The United Nations has raised the death toll in Syria's crackdown on dissent.

The U.N. human rights office said Thursday that more than 2,900 people have died in the unrest, now in its seventh month. The U.N. put the death figures last month at 2,700.

Meanwhile, Syrian activists say fighting between government soldiers and military defectors took place Thursday in the Jabal al-Zawiya area of Idlib province. The clashes near the Turkish border killed four soldiers and at least three others.

President Bashar al-Assad's government has used military force to crush opposition protests, including operations against military defectors.

On Wednesday, U.S. Secretary of State Hillary Clinton said the U.N. Security Council has failed in its responsibility by not passing a resolution condemning Syria for its brutal crackdown.

Moscow and Beijing blocked a resolution Tuesday written by France, Britain, Germany and Portugal, sparking U.S. and European outrage.

State Department spokeswoman Victoria Nuland said on Thursday that the U.S. will continue to work with allies to take "stronger steps rhetorically and economically" against the government of Assad.
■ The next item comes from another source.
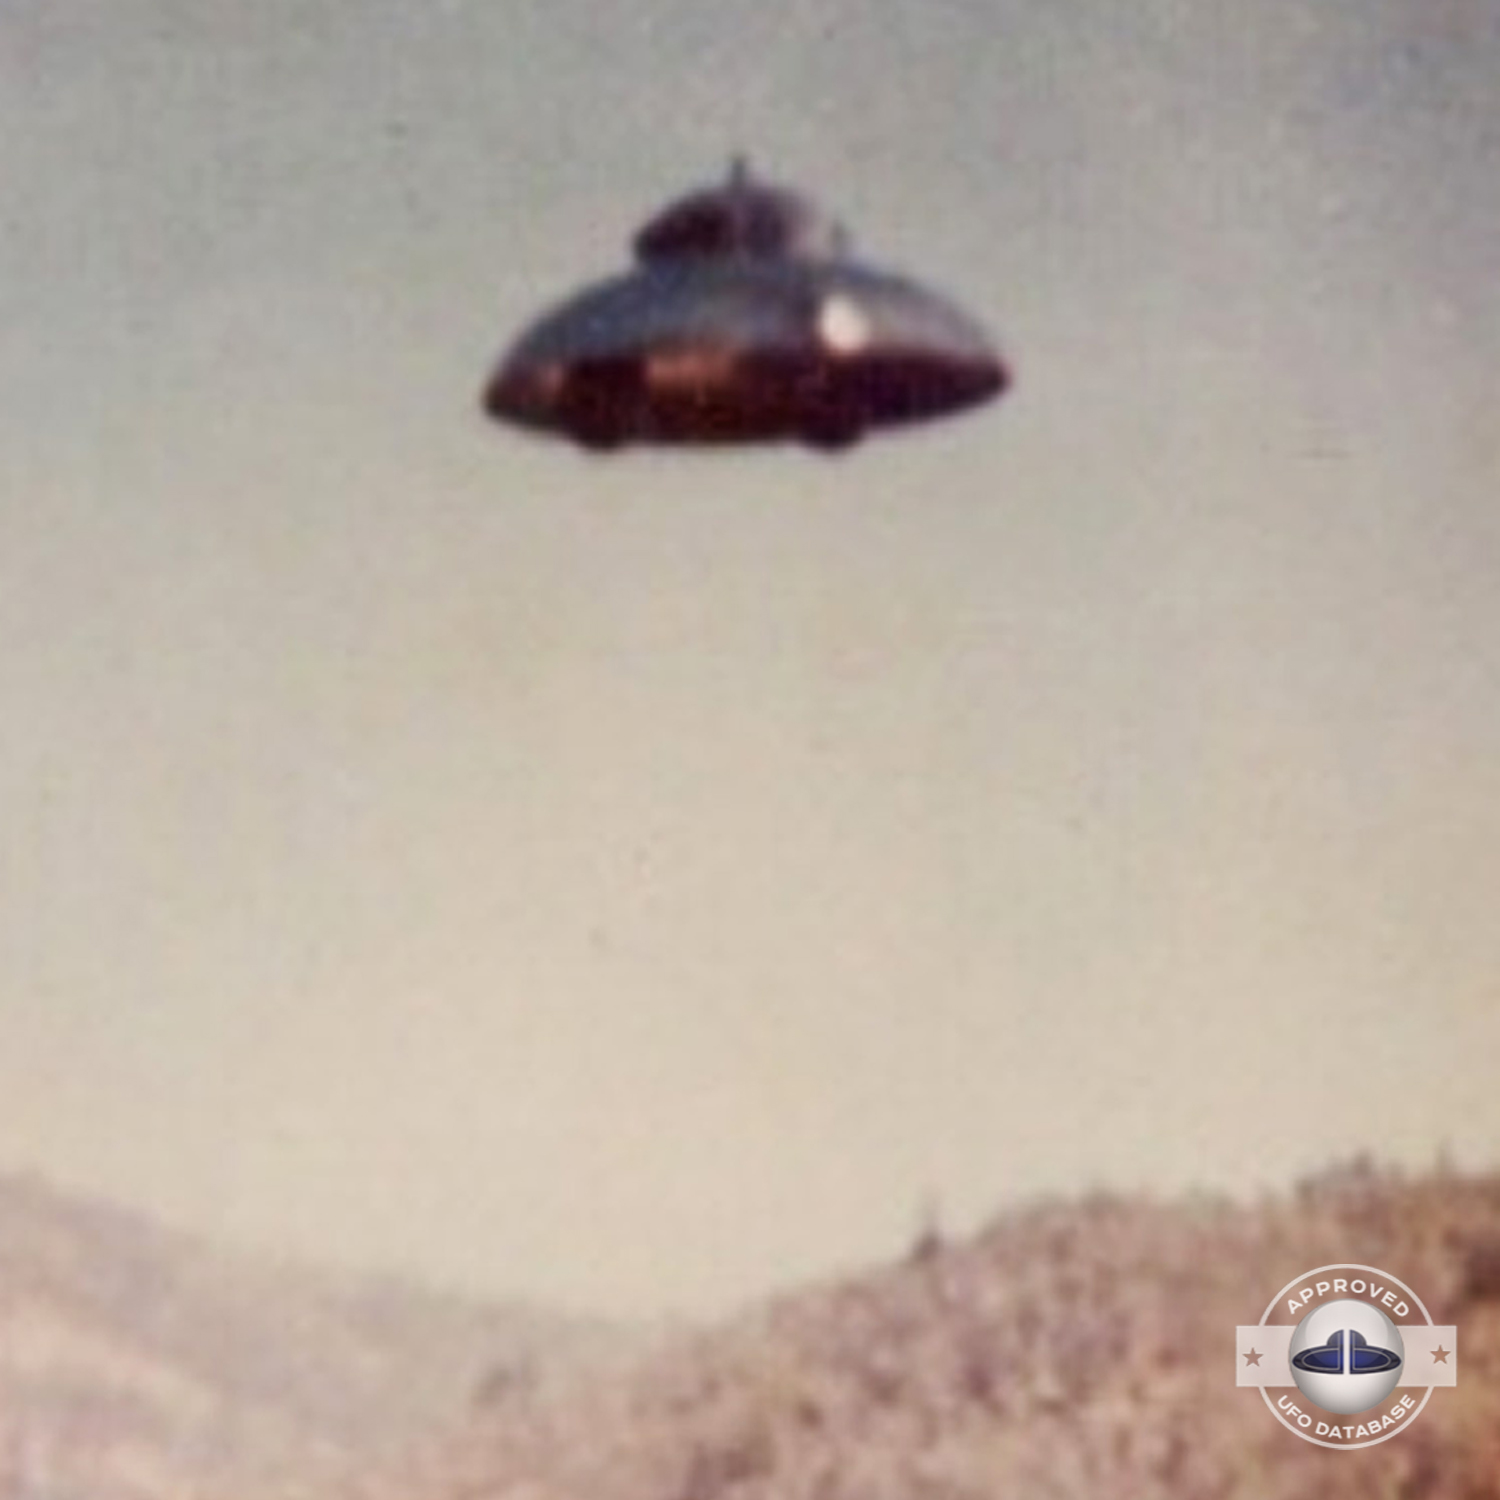 This UFO picture has been in several reports and controversies, 1970s UFO Picture #138-4
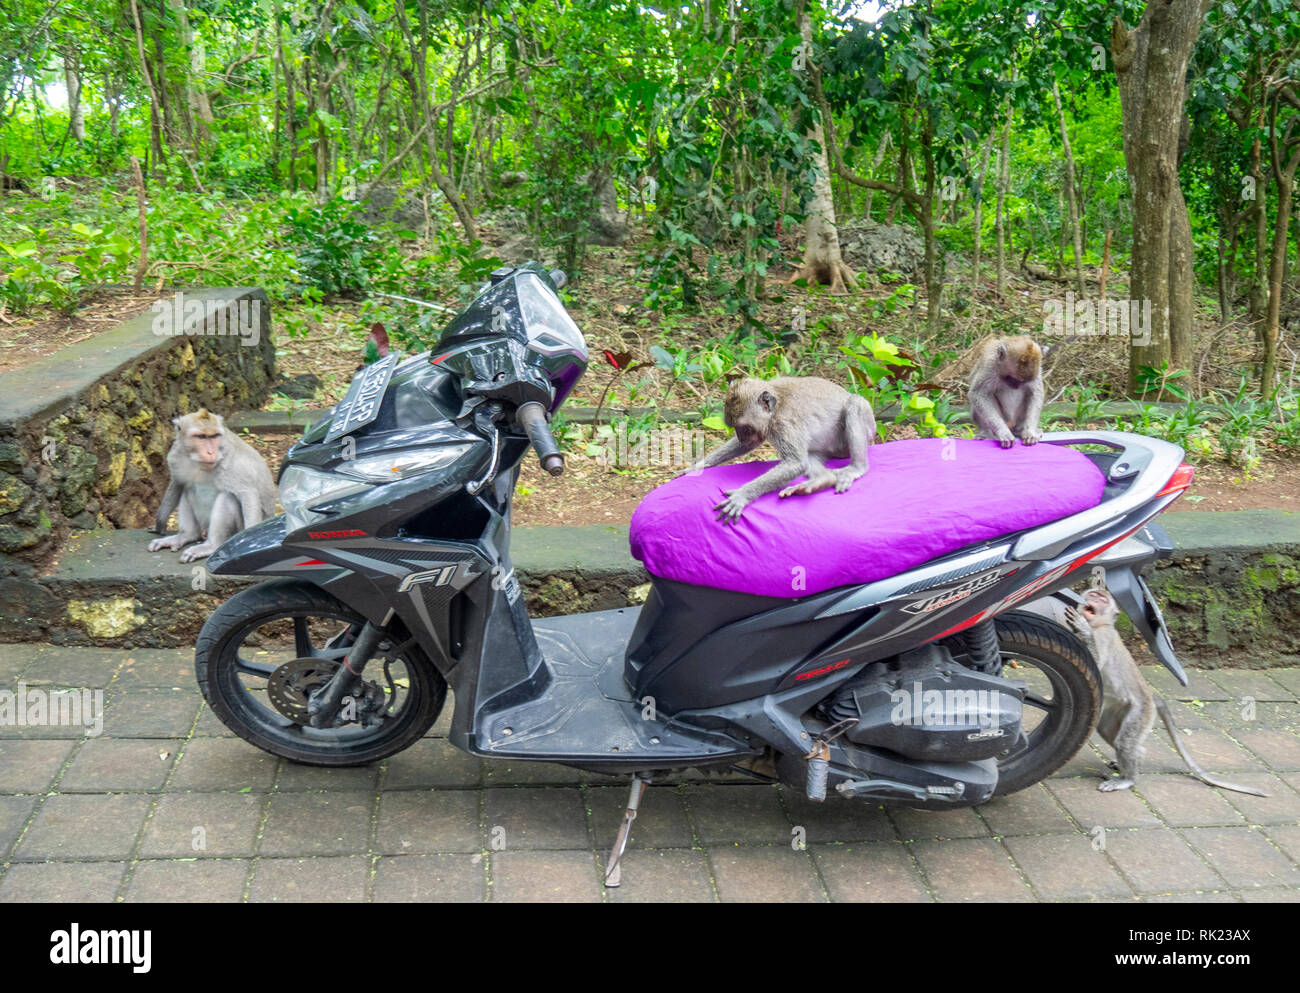 Macaque monkeys Macaca Fascicularis playing on a motorcycle at Uluwatu Temple Bali Indonesia. Stock Photo

U.N. chief Ban Ki-moon said the international community has a "moral obligation" to prevent further bloodshed in Syria, while Turkish Prime Minister Recep Tayyip Erdogan said his government will impose its own sanctions on Damascus.

But an aide to the Syrian president told the French news agency that Russia and China stood "with the Syrian people" and provided the time needed for the government to "enforce and enhance reforms."

Some information for this report was provided by AP.